(RECORDED DATA)
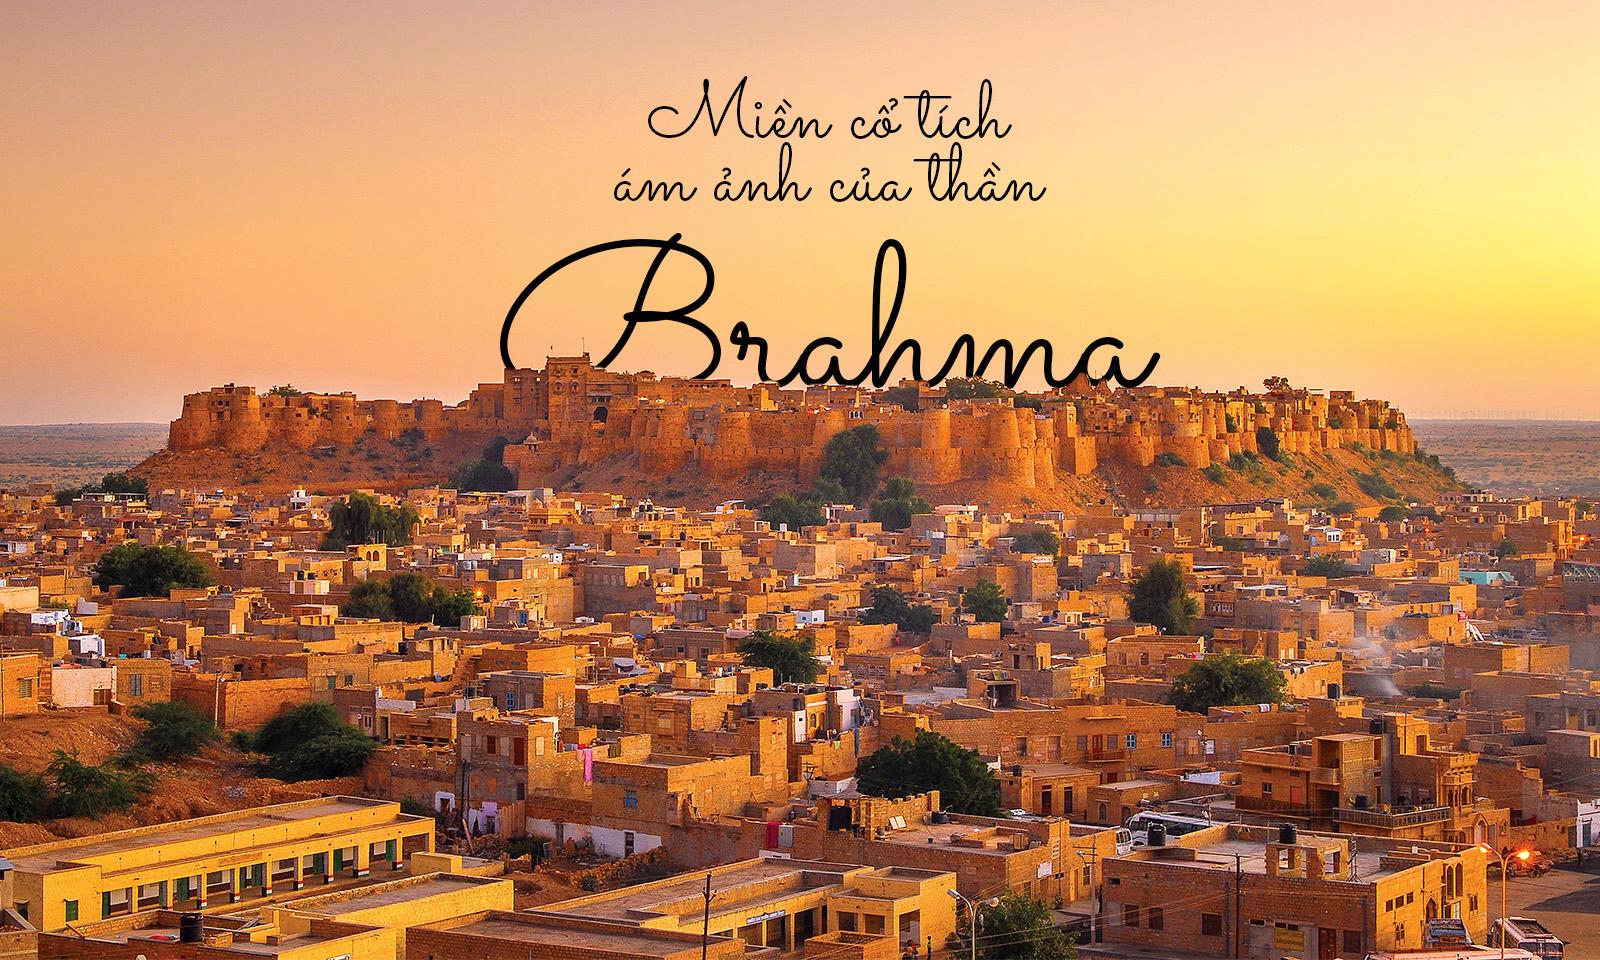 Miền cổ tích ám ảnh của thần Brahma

* * *

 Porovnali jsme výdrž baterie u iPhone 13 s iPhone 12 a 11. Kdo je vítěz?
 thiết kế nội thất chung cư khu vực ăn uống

(WHAT TO PRODUCE)
Once you reach the line with "Porovnali jsme výdrž" in the data above, copy it and every line after it exactly, up to and including the line with "thiết kế nội thất chung cư khu vực ăn uống".

(PROBLEM SOLUTION)
 Porovnali jsme výdrž baterie u iPhone 13 s iPhone 12 a 11. Kdo je vítěz?
 thiết kế nội thất chung cư khu vực ăn uống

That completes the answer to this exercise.